English phrases | Russian phrases | Turkish phrases
Translate.vc / Turco → Espanhol / [ F ] / Flashback

Flashback tradutor Espanhol

136 parallel translation
Korkma. Sadece geçmişe dönüyoruz.
- Tranquila, es un flashback.
pera'nın boğmaya başlaması ( geçmişe dönüşün sonu ) ilk cinayet bir amatör tarafından işlenmiş olmalı.

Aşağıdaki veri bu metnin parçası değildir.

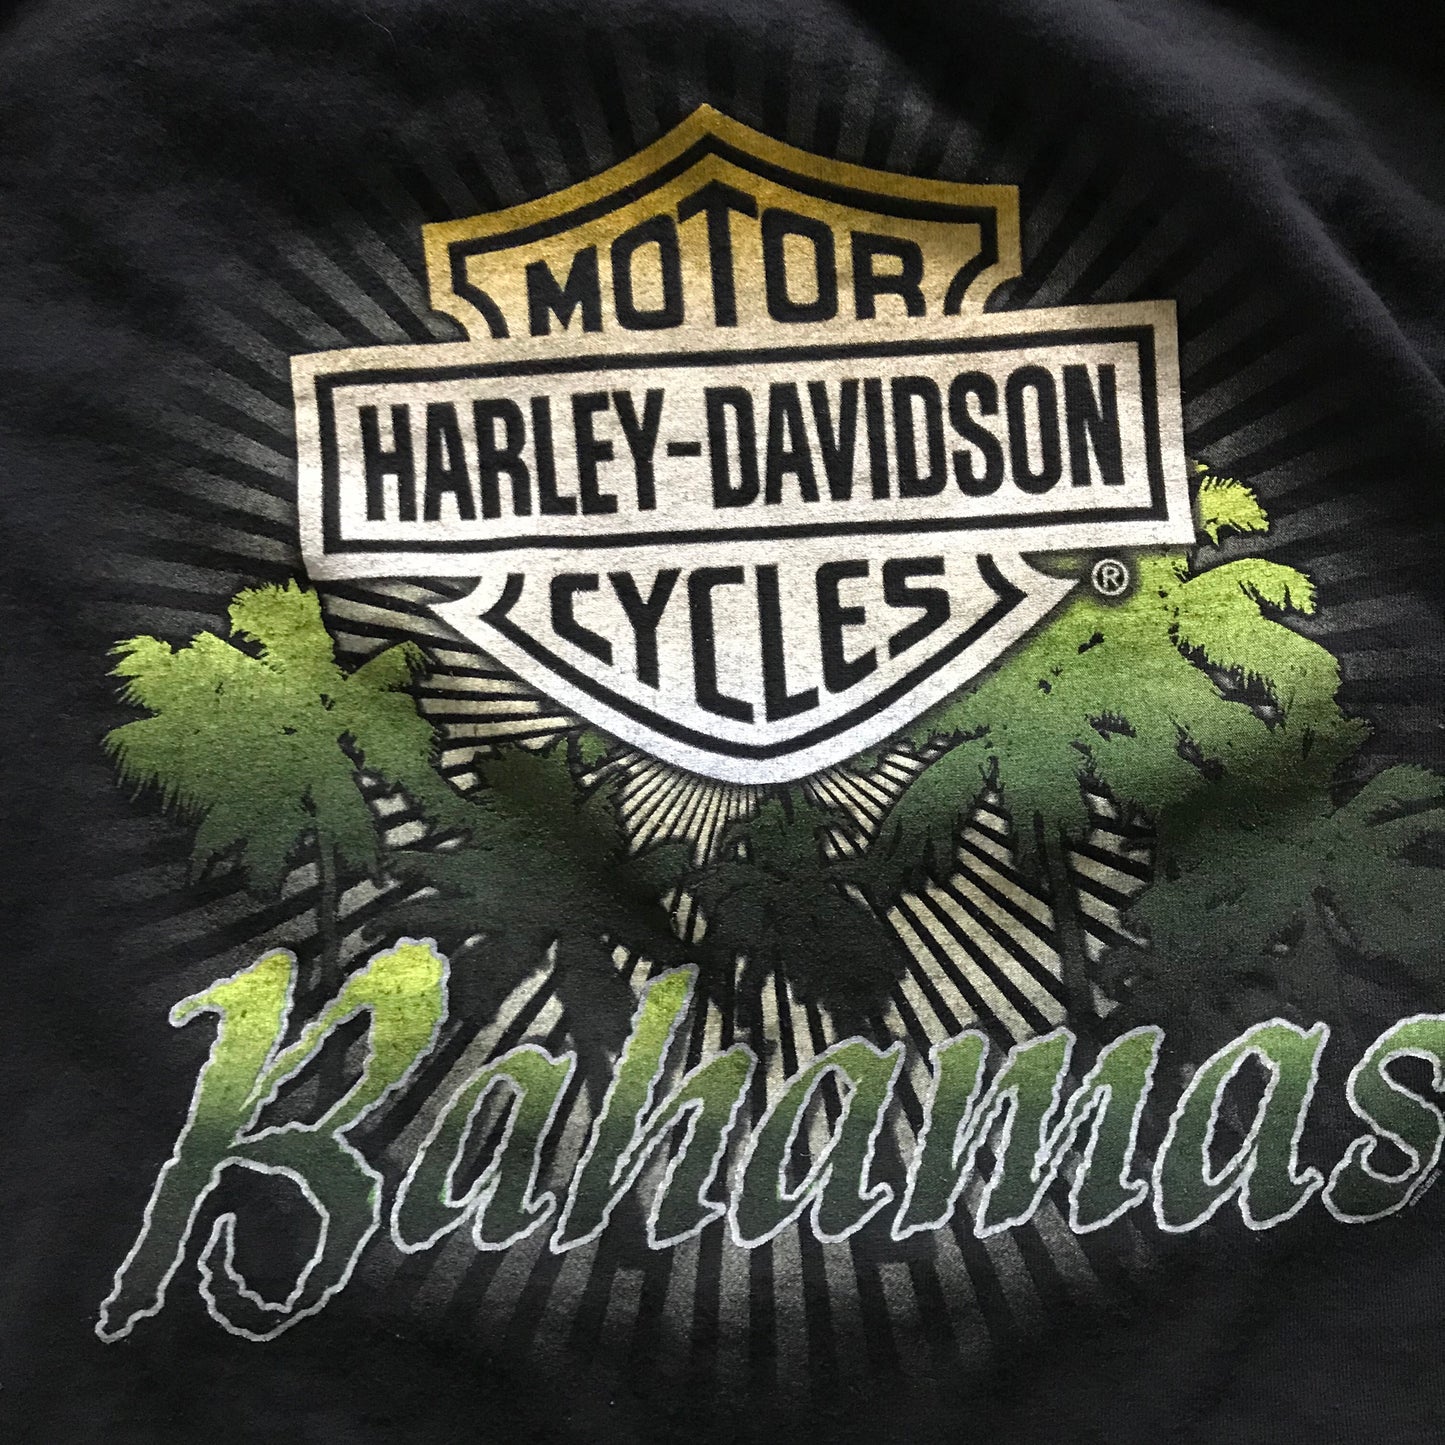 Playera Harley Davidson Bahamas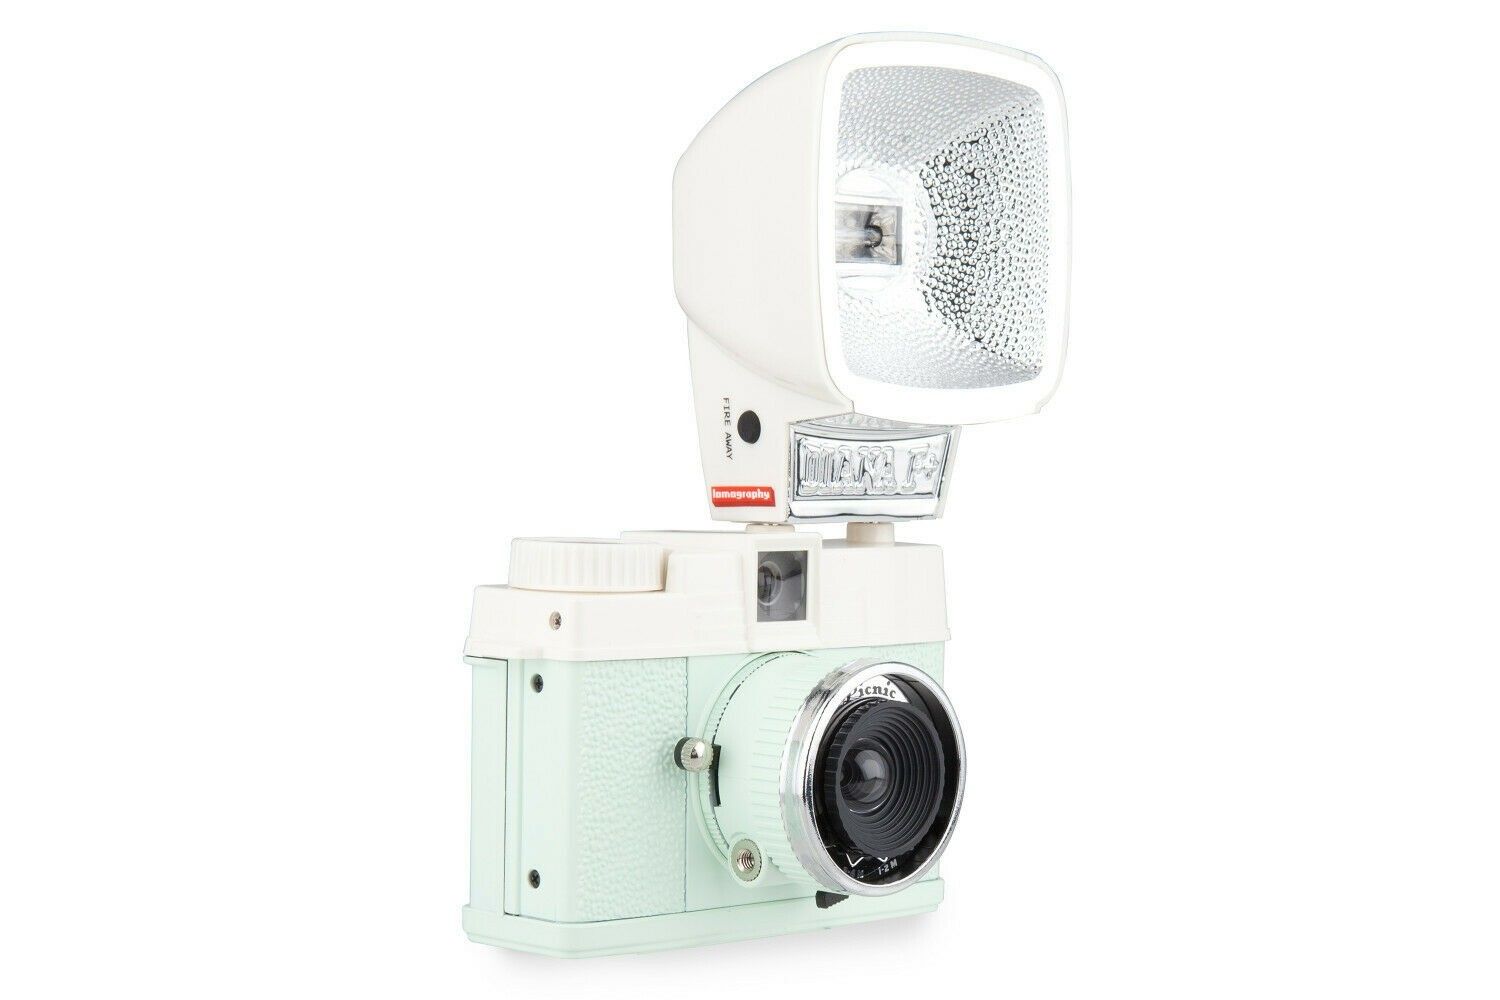 Lomography Diana Mini 35mm Film Camera Picnic Edition

Cómo empezó Pera a estrangular ( Final del flashback ) El primer asesinato podía haber sido obra de un aficionado.
Hayatım gözlerimin önünden geçiyor.
Parece un flashback de toda mi vida.
- Flashback'inde gördüm. Sen ve Grant birlikte olmak için yaratılmışsınız.
Lo vi en tu "flashback" Tú y Grant deben estar juntos.
Birden gözümün önüne Village People geldi.
Acabo de tener un flashback de Village People.
Bu seferki anı sahnen çok uzun sürdü.
Has tenido un flashback muy largo.
Yasal olamaz. Kendisine Rahip Flasback diyen çıplak bir adam tarafından jakuzide evlendirildin...
Los casó un streapper en una tina de agua caliente Que se hacía llamar reverendo Flashback.
Rahip Flashback sadece yasal değil ayrıca Forbes'ın seçtiği en zengin 500 vaiz içinde Papa'yla Dionne Warwick'in arasında.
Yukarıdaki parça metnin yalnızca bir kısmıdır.